Similar to U.S. congressional hearings, the aims of the Dutch hearings are twofold—for lawmakers to obtain more insight into how profits are shifted out of the Netherlands for tax avoidance purposes, and the role played by the Netherlands itself in the rerouting of profits through the country in the wake of the massive leak of 10 million documents from the Panama law firm Mossack Fonseca & Co.
“Our two main objectives are to map out what happens with Dutch money abroad and how so-called mailbox companies in the Netherlands work,’’ said Henk Nijboer, the Labor Party lawmaker who chairs the committee. The role of trust offices in the tax system is of interest to the committee, he said.
Tax officials speaking at the hearing said that they try to contest the validity of offshore shell companies by requesting information that shows the real decisions are being taken not by the trust firm, but by the beneficiaries resident in the Netherlands.
Ben van den Berg—an official at the Dutch tax administration unit Tax Havens and Concern Funding Coordination Group, or Coördinatiegroep Taxhavens en Concernfinanciering— said that for business location investigations, “there’s only one thing that matters: the facts.”
“When no real economic activities take place in a tax haven, you can’t assign any profits to this tax haven either,” he added.
In investigations, officials consequently often request, for instance, email communications to see who is really pulling the strings, and that’s never the offshore trusts, Van den Berg said.
“For every transaction they complete they request permission from the director or major shareholder,” he said.
Noting that the unit had investigated some 100 cases in recent years, he said: “I haven’t ever seen that the management of a trust truly managed intangible assets and took related key decisions.”

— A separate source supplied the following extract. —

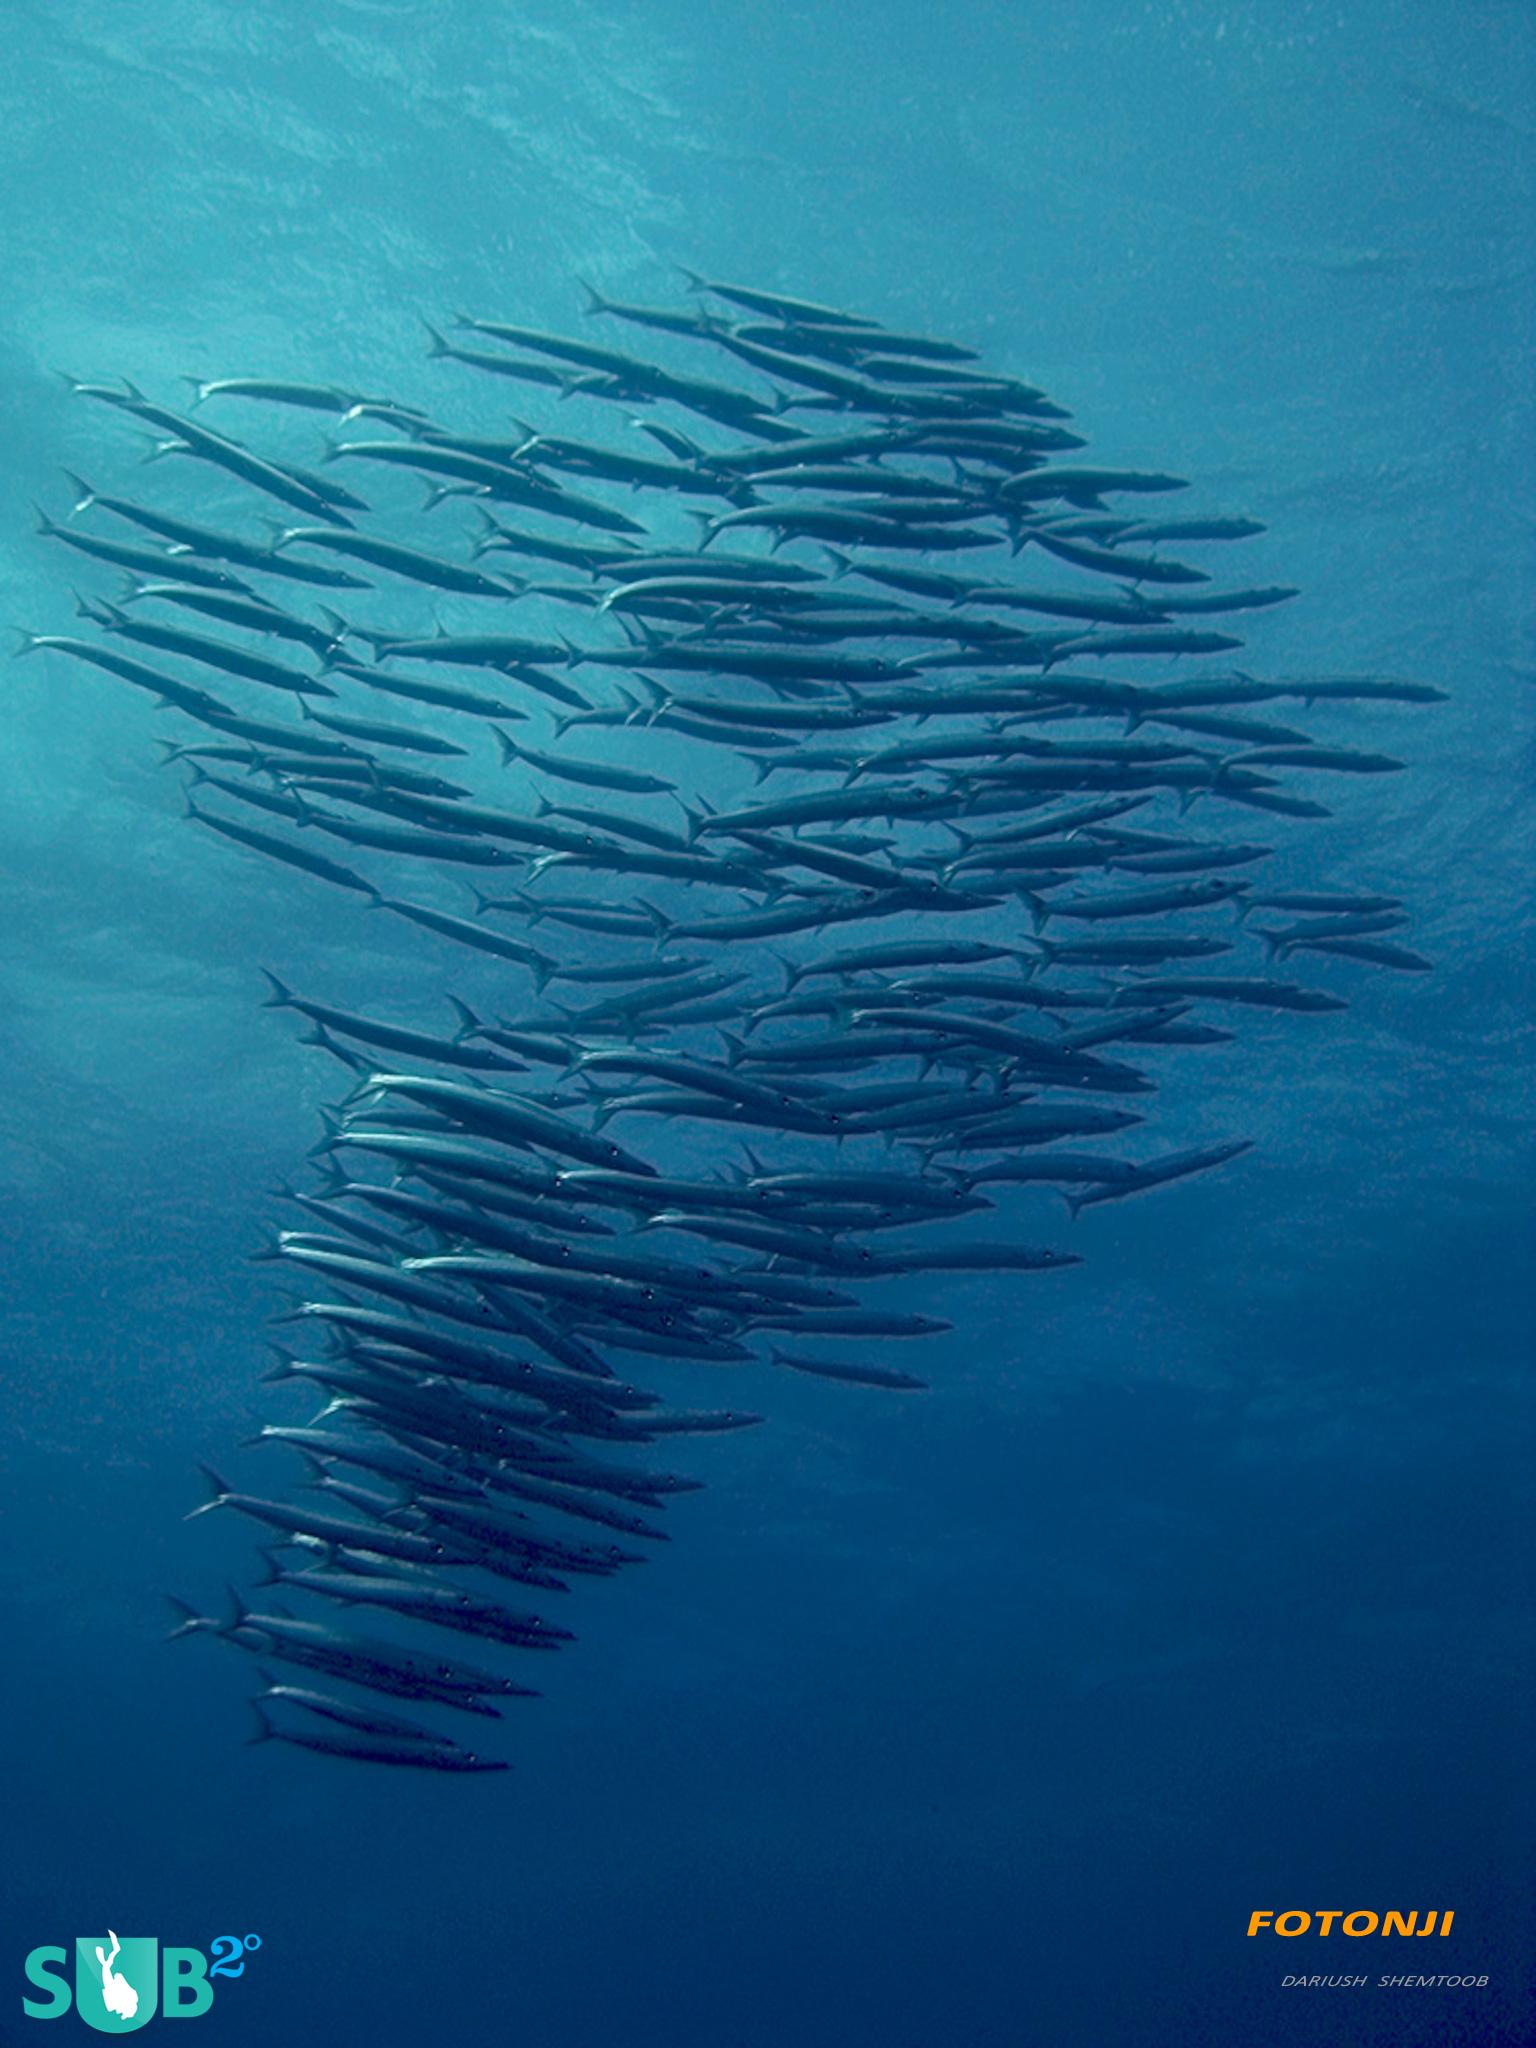 A School of Barracuda

Experts also warned that a draft law providing for the establishment of a beneficial ownership register to combat money laundering and tax evasion wouldn’t be much help in identifying the real decision makers behind shell companies.
Jan van Koningsveld, a director of the Offshore Knowledge Centre who also previously worked for the Dutch anti-fraud agency Fiscale inlichtingen- en opsporingsdienst, noted that a 25 percent stake in a legal entity was expected to trigger the registry requirement.
However, he added: “I’ve never in my 25 years at FIOD encountered a criminal who was stupid enough to have a 25 percent share in his name.”
Noting that 95 percent of taxpayers used shell companies for legitimate purposes, for instance to escape media scrutiny, he warned that the registry proposal cast too wide a net and that it had seemingly become an end it in itself rather than a means to achieve more transparency.
Van Koningsveld moreover warned that the offshore industry was also getting ever craftier in designing products and services to respond to the increasing demand for anonymity from companies and wealthy individuals.
“In my view, there are some 40 offshore countries, and in every one of those you encounter five to six legal forms, so that means you have 240 to 250 different legal forms,” he said.
Under the draft proposal, so-called obliged entities such as tax advisers, banks, notaries, lawyers, brokers would be required to report suspicious transactions to the Chamber of Commerce.
“But you can’t expect a bank employee or someone from a trust firm or the FIOD or tax administration to know all these legal characteristics and keep up with all these changes,” Van Koningsveld said.
Ruud de Smit, a professor in corporate taxation at Erasmus University Rotterdam, told Bloomberg BNA that the focus of the hearings on trusts was remarkable.
“This emphasis is notable not just for today’s hearings, but also in the hearings scheduled for later this week and next week,” he said in a June 7 email. “The questioning committee apparently wants to obtain much more insight into this sector.”
The committee will issue a report following the hearings but won’t make any recommendations for changes.